[](#pygmalion-13b-4bit-128g)pygmalion-13b-4bit-128g
===================================================

[](#model-description)Model description
---------------------------------------

**Warning: THIS model is NOT suitable for use by minors. The model will output X-rated content.**

Quantized from the decoded pygmalion-13b xor format. **[https://huggingface.co/PygmalionAI/pygmalion-13b](https://huggingface.co/PygmalionAI/pygmalion-13b)**

In safetensor format.

### [](#quantization-information)Quantization Information

GPTQ CUDA quantized with: [https://github.com/0cc4m/GPTQ-for-LLaMa](https://github.com/0cc4m/GPTQ-for-LLaMa)

    python llama.py --wbits 4 models/pygmalion-13b c4 --true-sequential --groupsize 128 --save_safetensors models/pygmalion-13b/4bit-128g.safetensors

## Model overview

The `pygmalion-13b-4bit-128g` model is a quantized version of the pre-trained [Pygmalion-13B](https://huggingface.co/PygmalionAI/pygmalion-13b) language model. It has been quantized to 4-bit precision using the GPTQ method with a group size of 128, reducing the model size while preserving much of the original model's performance. This model is well-suited for GPU inference due to its small size and fast inference speed.

The `pygmalion-13b-4bit-128g` model is similar to other quantized language models like [alpaca-30b-lora-int4](https://aimodels.fyi/models/huggingFace/alpaca-30b-lora-int4-elinas) and the [stable-vicuna-13B-GPTQ](https://aimodels.fyi/models/huggingFace/stable-vicuna-13b-gptq-thebloke) model, which also leverage quantization techniques to reduce model size.

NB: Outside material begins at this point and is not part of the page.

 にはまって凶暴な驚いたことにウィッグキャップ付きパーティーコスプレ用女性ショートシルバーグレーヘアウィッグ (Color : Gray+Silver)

## Model inputs and outputs

### Inputs
- **Text prompts**: The model accepts text prompts as input, which can be used to guide the model's language generation.

### Outputs
- **Generated text**: The model outputs generated text, which can be used for a variety of natural language processing tasks such as text generation, summarization, and question answering.

## Capabilities

The `pygmalion-13b-4bit-128g` model is a powerful text generation model that can be used for a variety of tasks, such as writing creative stories, generating responses to prompts, and engaging in open-ended conversations. It has been trained on a large corpus of text data and can generate coherent, context-aware text. However, as with many language models, it may also generate biased or harmful content, and should be used with caution.

## What can I use it for?

The `pygmalion-13b-4bit-128g` model can be used for a variety of natural language processing tasks, such as:

- **Text generation**: The model can be used to generate text, such as creative stories, poems, or even news articles, based on user prompts.
- **Chatbots and conversational agents**: The model can be fine-tuned and used as the foundation for building chatbots and conversational agents that can engage in natural language interactions.
- **Question answering**: The model can be used to answer questions on a wide range of topics, by generating relevant and informative responses.

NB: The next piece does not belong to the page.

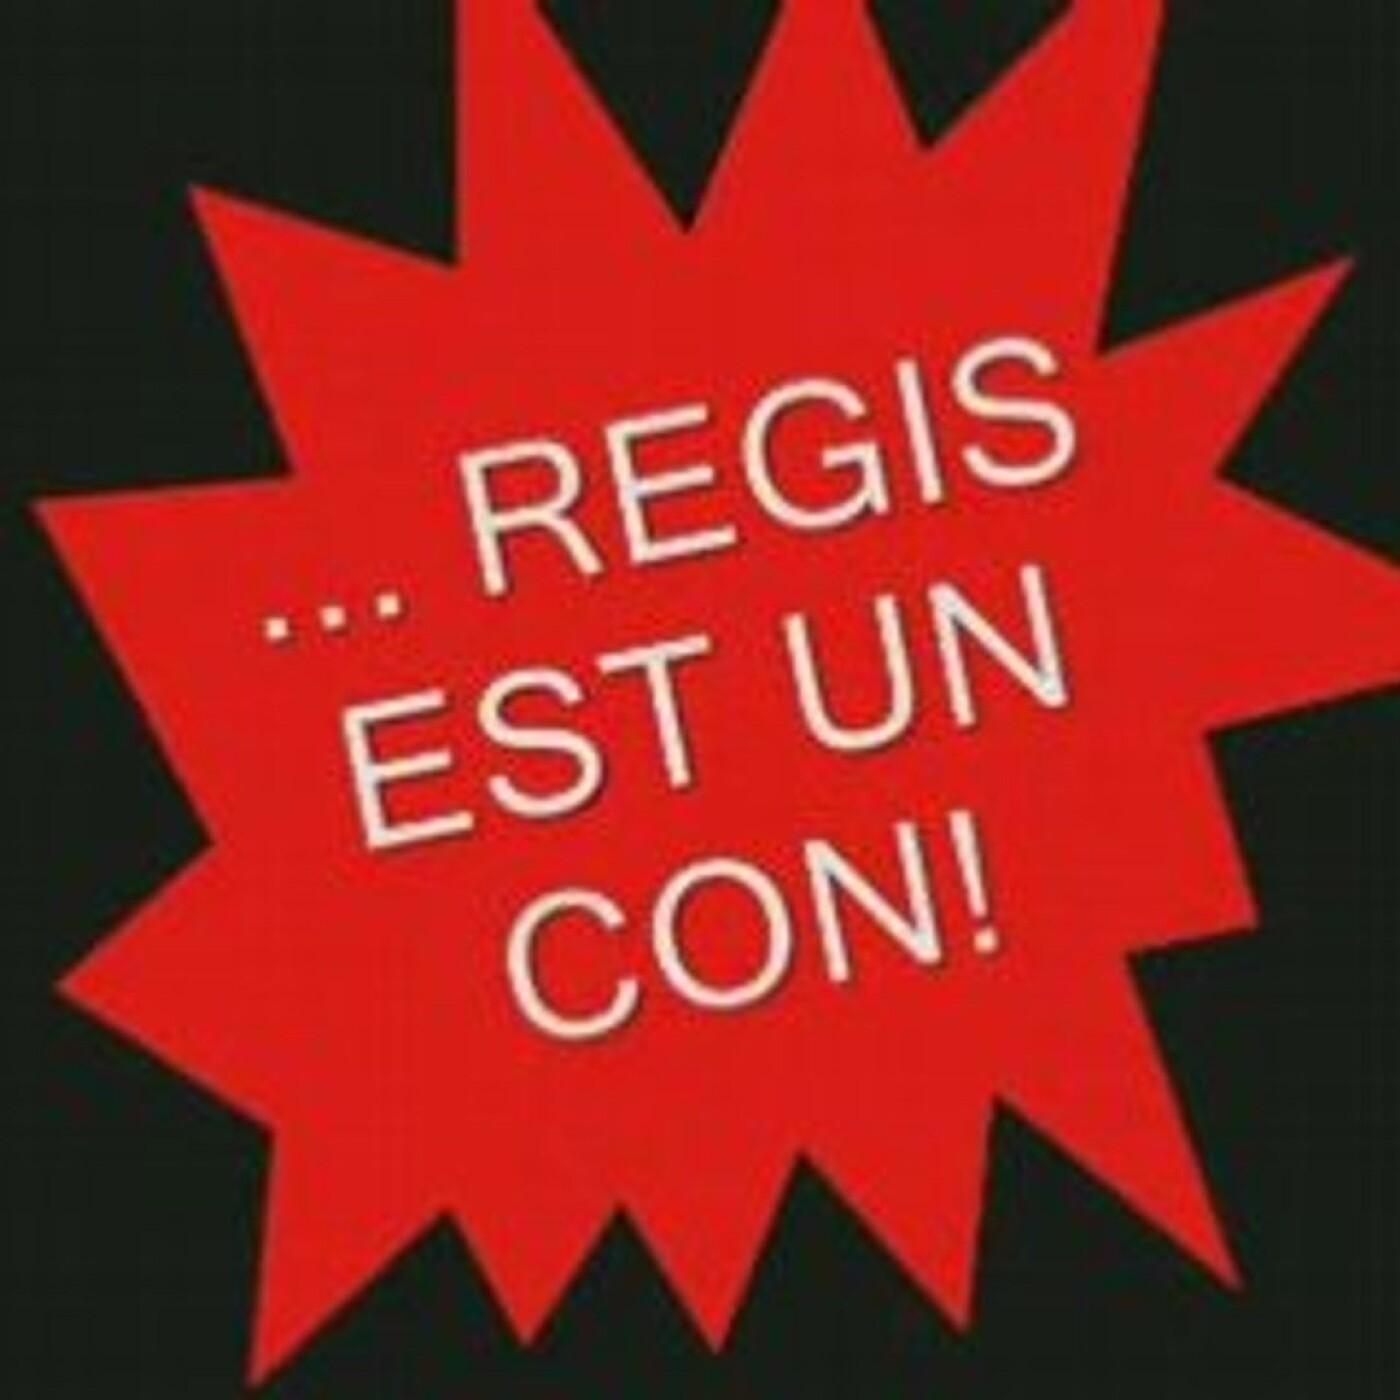 Humeur du jour de Gauthier, Françis joue au con - 30 03 2021 - StereoChic Radio

However, it's important to note that the model was not trained to be safe or harmless, and may generate biased or inappropriate content. It should be used with caution and appropriate safeguards in place.

## Things to try

One interesting thing to try with the `pygmalion-13b-4bit-128g` model is to explore its capabilities in generating coherent and context-aware text. You can try providing the model with various prompts and observe how it responds, paying attention to the model's ability to maintain a consistent tone, personality, and narrative throughout the generated text.

Another interesting avenue to explore is the model's performance on specific tasks, such as question answering or text summarization. You can design test cases and benchmarks to assess the model's strengths and limitations in these areas, and compare its performance to other similar models.